Likewise secure: false means
cookie with the Secure attribute is only sent to the server with an encrypted request over the HTTPS protocol.
Let’s see what GPT makes of this code:
Zero warning at all.
OK, let’s move on from code, how about package recommendations (which is what some security vendors are now offering)?
Eeeekk.
This code could well have CVEs which would not be patched, as the library is effectually read-only now.
So the moral of the story is, don’t use GPT to give you advice on anything security related.
If you’re seeing it in a security product, it’s likely there more for marketing, than your protection.

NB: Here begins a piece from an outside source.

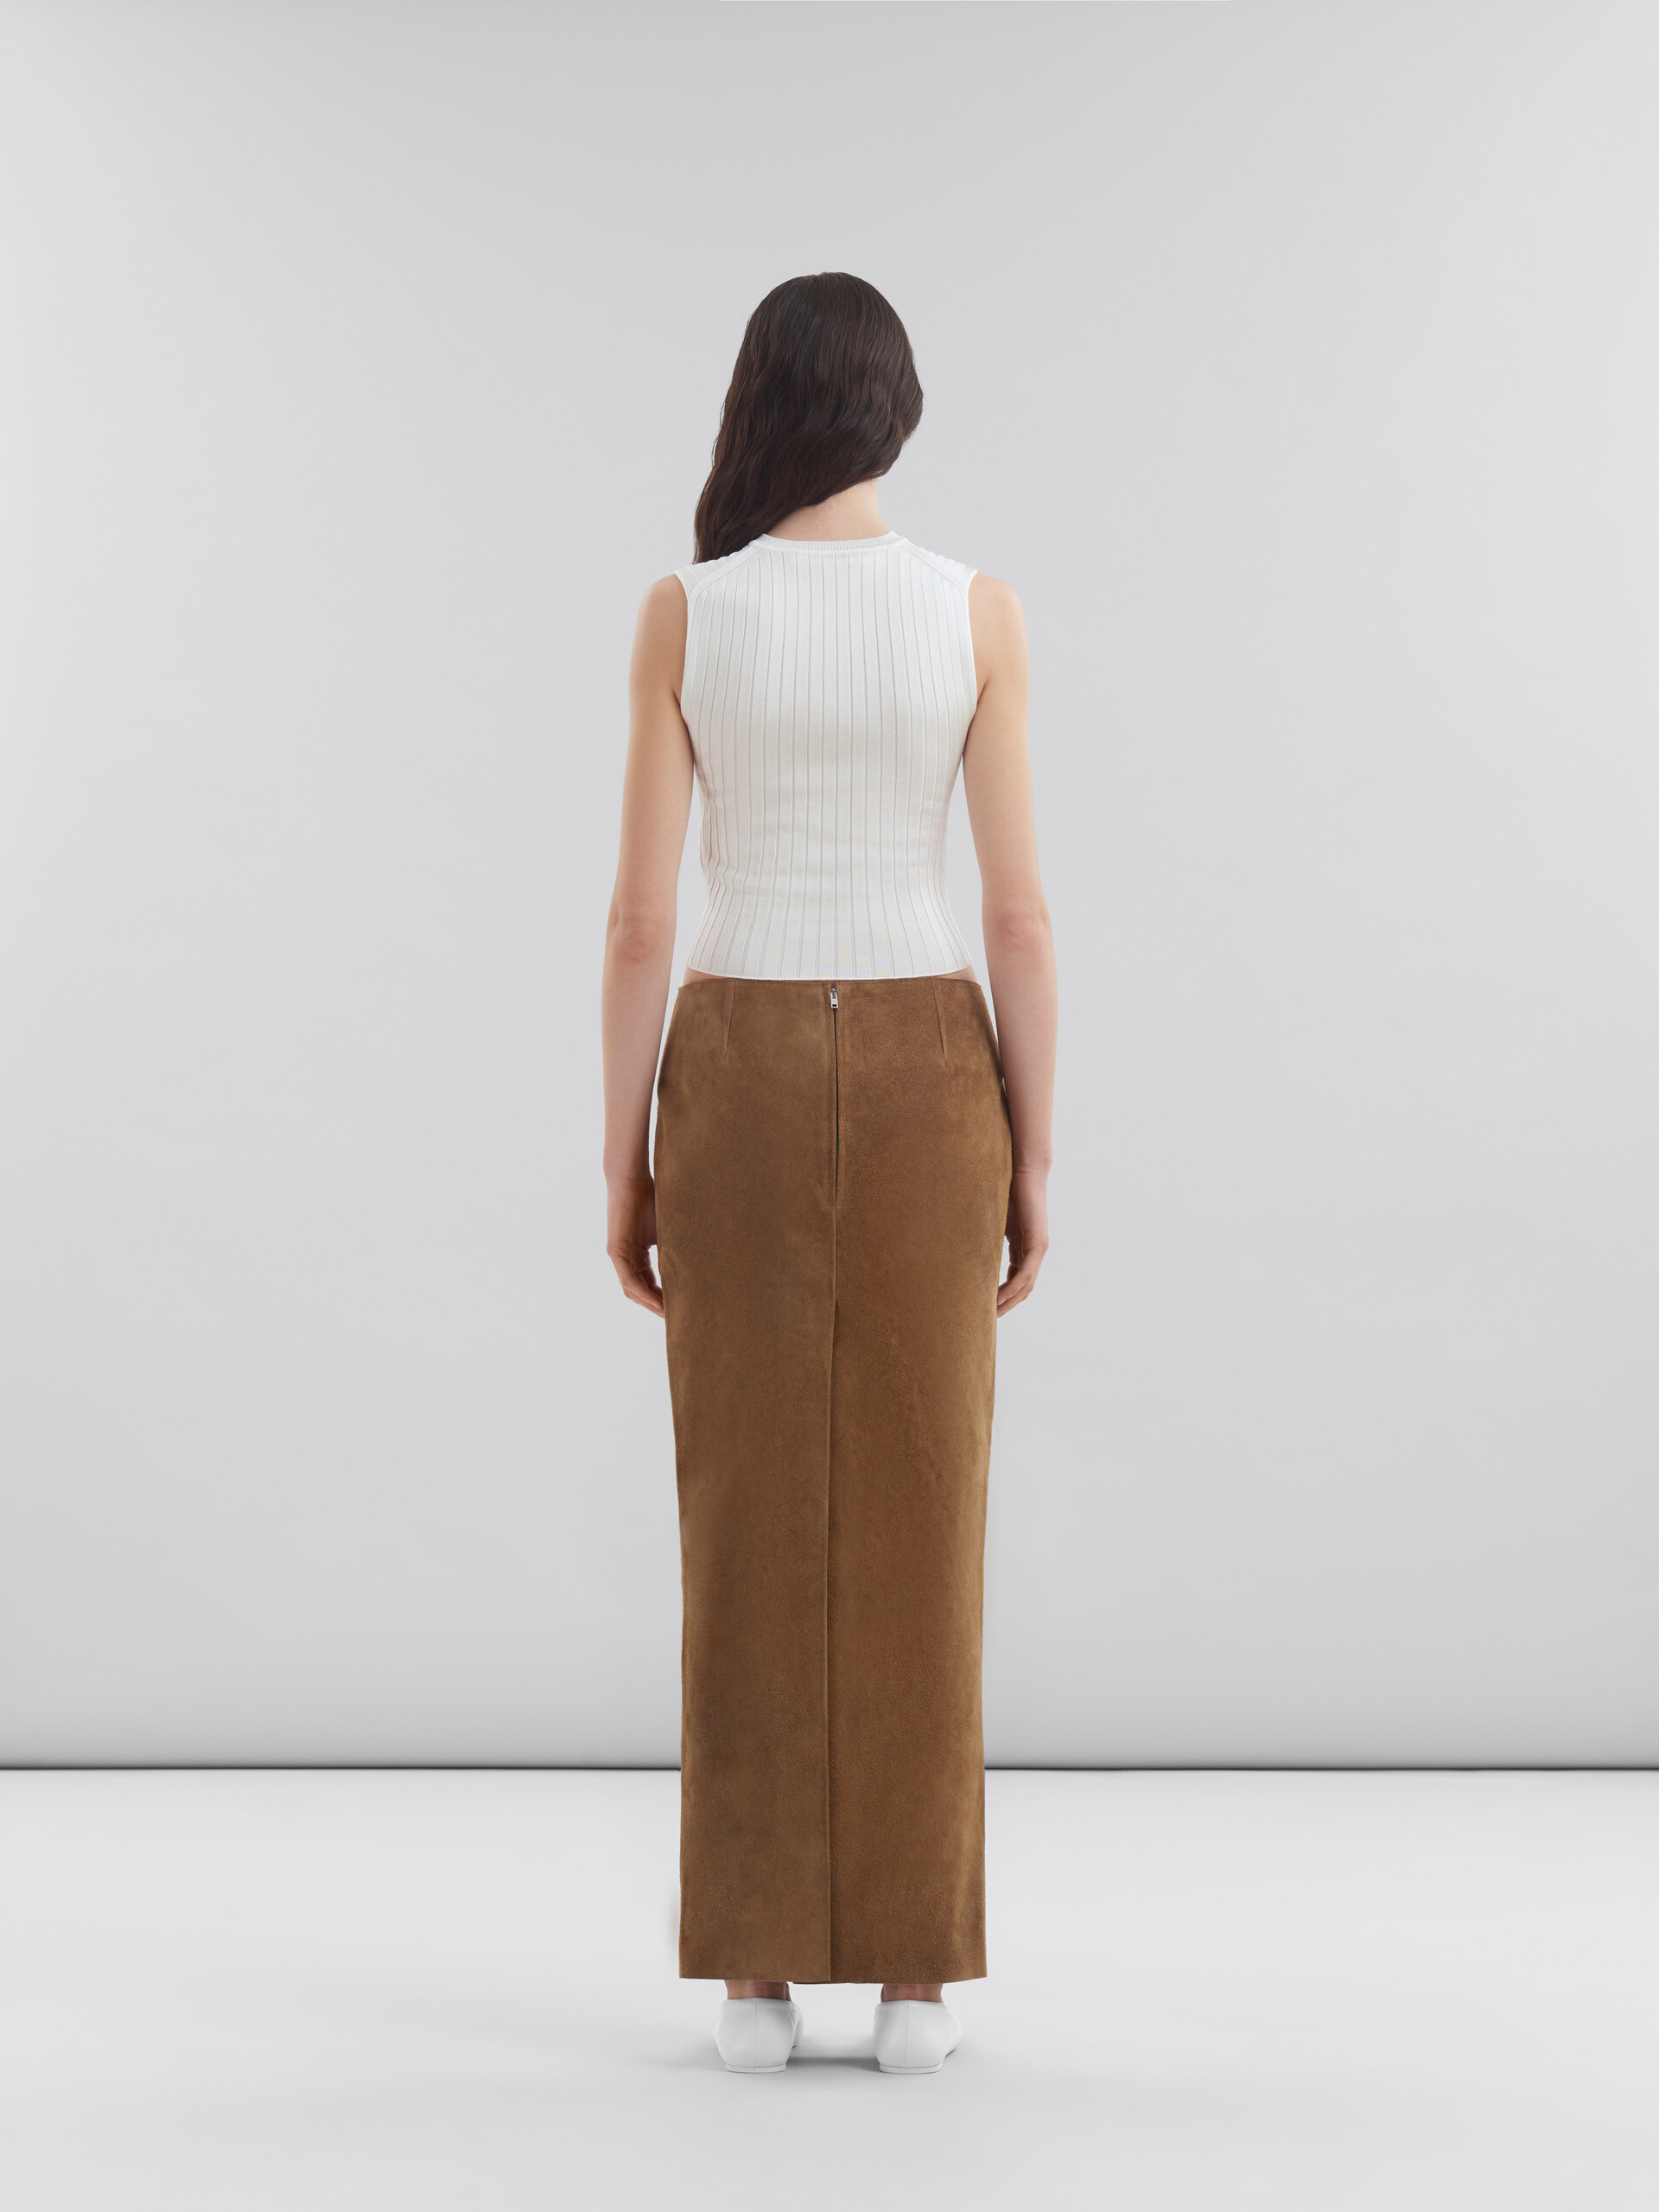 ブラウン スエードレザー製 ペンシルスカート - スカート - Image 3

EDIT: Based on JB’s comments, I think its suitable to realign the perspective of this article to using modelling specifically trained for security risks, not generic GPT which requires specific prompts and is working on aged data.
Take a look at how Alpaca was trained with 52k instructions that were generated from GPT-3. https://replicate.com/blog/replicate-alpaca shows how to do this yourself fairly cheaply (~$50 rented compute if my math is correct).
You could do something similar by feeding combinations of the CWE examples and real world code to GPT and then using that output to train llama to detect security issues. E.g. prompt:
CWE insecure temporary file:
Creating and using insecure temporary files can leave application and system data vulnerable to attack.
Example insecure code from CWE:
…
Example code in <$language>:
(GPT generates the completion here)
Then use the above generated stuff to train your model which can then easily answer “what problems does this code have?” Type questions.
The hardest part of this is the part of going from some database of examples to clean working examples that are realistic. But I’d expect that using AI to help with the cleaning part might help that process up too (“given the following CWE format, generate a prompt that explains the CWE and creates more examples based on the existing example”). It’s turtles all the way down.
I’d be surprised if you couldn’t do this for <$1k compute + dev time.
Next couple it with finding examples of CVEs and the fixes in the wild and you’ve got training models that can detect AND fix the problems.
Next “from the following CWE description write a detection rule for $codeScannerSoftware that detects the problem in $language/$framework” to move the AI out of the detection phase
Next $xxM series A at $xB valuation
If you prompt ChatGPT to look for vulnerabilities it finds these issues except the gorilla one (assuming that's because ChatGPT doesn't have web access so its relying on its training data). I think the takeaway is less "don't use GPT in your security product" and more "make sure your security product is using a self-trained model or has the right prompts/plugins available for the use case".